If the new 1394 bus driver determines that the contents of the node’s configuration ROM was not previously retrieved, it proceeds to retrieve the remaining contents of the node’s configuration ROM.

The new 1394 bus driver uses the max_rom value in the bus information block of the configuration ROM header to determine the size of the asynchronous read transactions to send to the node to retrieve the remaining contents of the configuration ROM. If any asynchronous read transaction fails—regardless of the max_rom value—the new 1394 bus driver uses asynchronous quadlet read transactions to retrieve the remaining contents of the node’s configuration ROM.

Previously Retrieved Configuration ROM

After the new 1394 bus driver retrieves the contents of a node’s configuration ROM header, it determines whether the header matches the header of one of the cached copies of configuration ROM contents that the driver previously retrieved. If the new 1394 bus driver finds a matching configuration ROM header, then it reuses the cached configuration ROM contents.

The new 1394 bus driver uses the following steps to determine whether it can reuse a cached copy of the contents of a node's configuration ROM:

1. Determine whether the node_vendor_id, chip_idhi, and chip_idlo values in the bus information block of the node's configuration ROM header match those same values in the header of one of the driver's cached copies of configuration ROM contents.

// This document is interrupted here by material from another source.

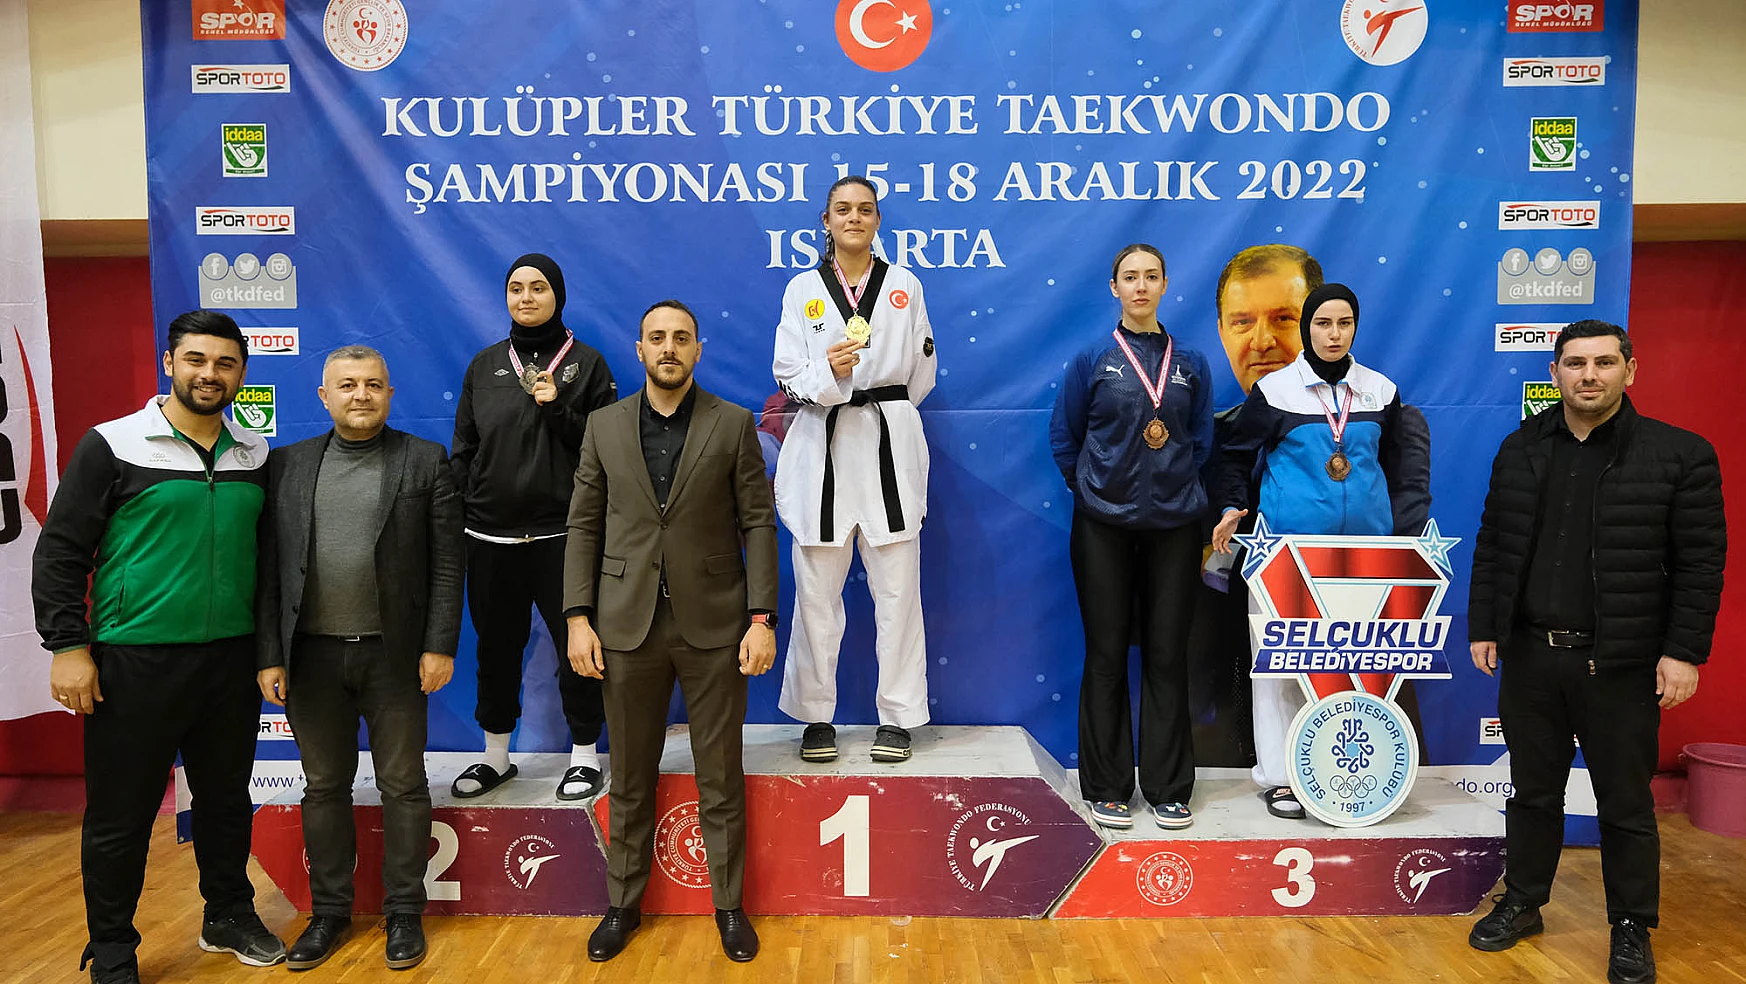 Selçuklu Belediyespor Kulübü Taekwondo Takımından İki Madalya

2. If a match is found in step 1, then determine whether the generation value in the bus information block also matches. If the generation value has not changed (or if it is set to 1, which indicates that it never changes), then the driver reuses the cached contents of the configuration ROM.

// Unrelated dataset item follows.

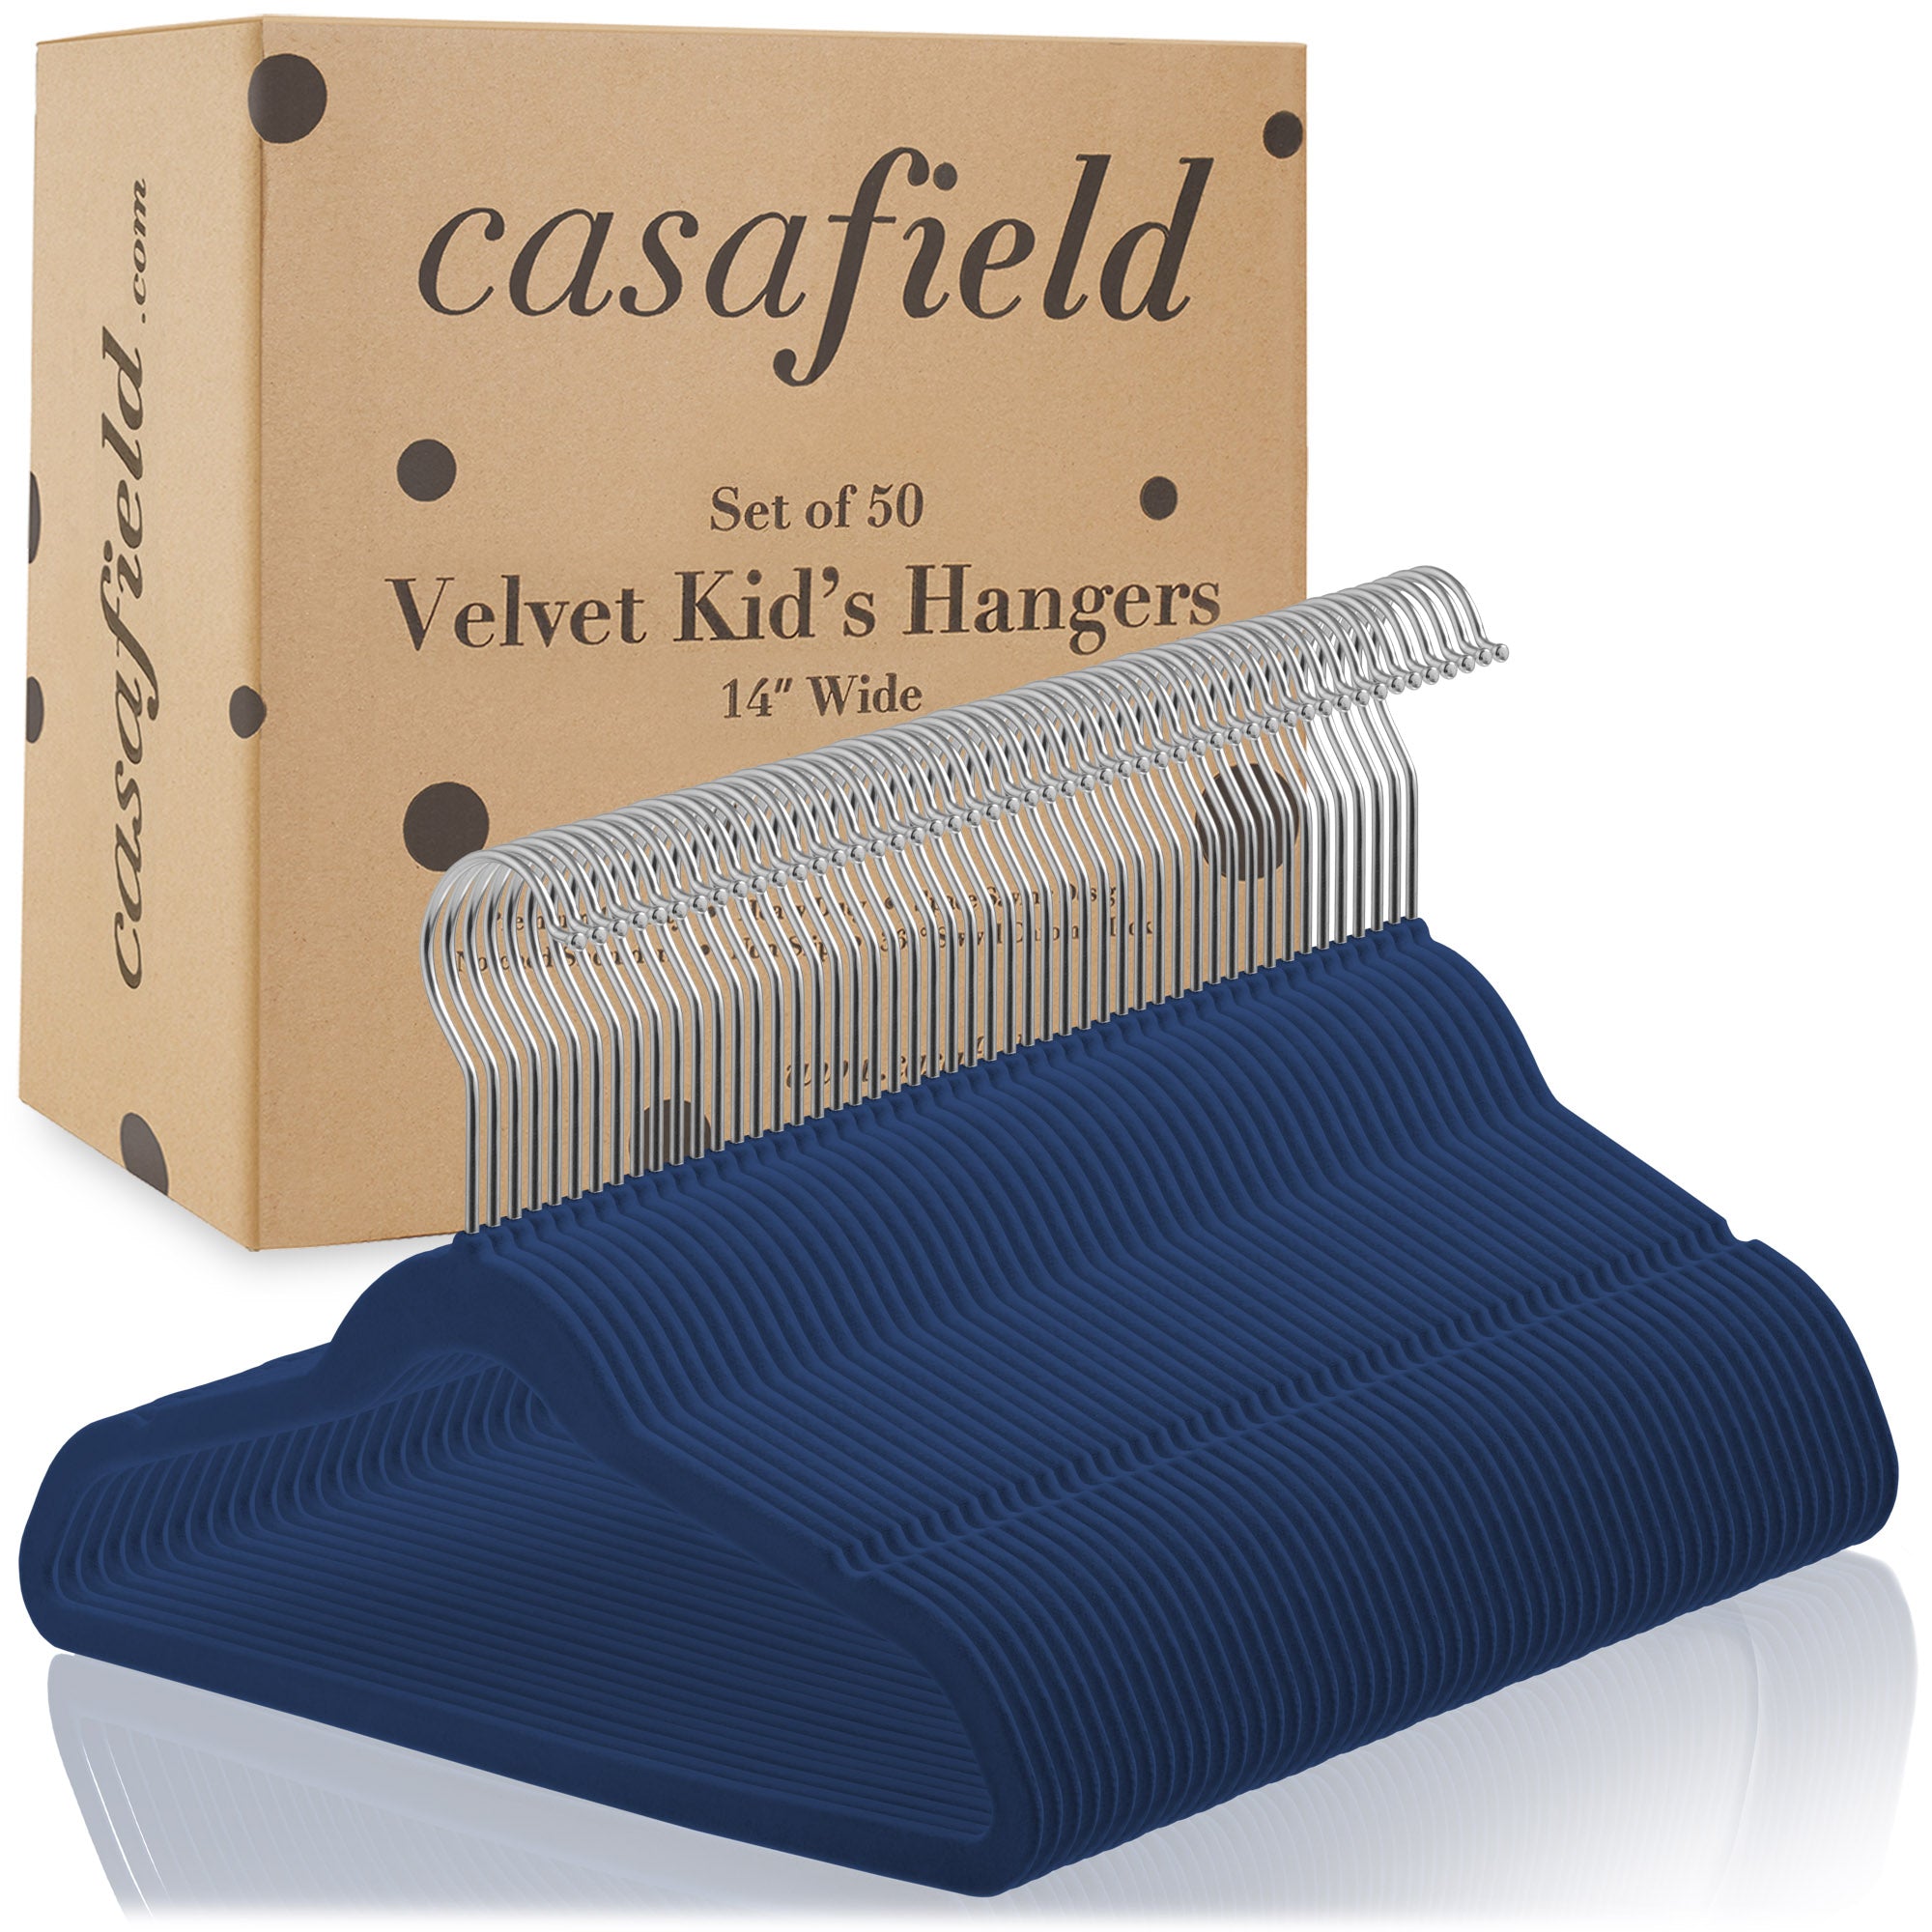 Casafield 50 Velvet Kid's Hangers for Children's Clothes, 14 inch - Light Blue

You can find descriptions of the configuration ROM values in the preceding steps in the IEEE1394 specifications.

If the new 1394 bus driver fails to find a matching cached configuration ROM header or if it must reread the contents of the node’s configuration ROM because the generation value changed, then it follows the preceding steps to retrieve the contents of a new configuration ROM.

Gap Count Optimization

The default behavior of the new 1394 bus driver is to optimize the gap count when it finds only IEEE1394a devices on the 1394 bus, excluding the local node. For example, if the system that is running the new 1394 bus driver has a host controller that complies with IEEE1394b but all devices on the bus comply with IEEE1394a, then the new 1394 bus driver tries to optimize the gap count.

Gap count optimization occurs only if the new 1394 bus driver determines that the local node is the bus manager.

The new 1394 bus driver determines whether a device complies with IEEE-1394a by the speed setting in the node’s self-id packet. If a node sets both of the bits in the speed (sp) field in the self-id packet, then the new 1394 bus driver considers the node to comply with IEEE-1394b. If the speed field contains any other value, then the new 1394 bus driver considers the node to comply with IEEE-1394a.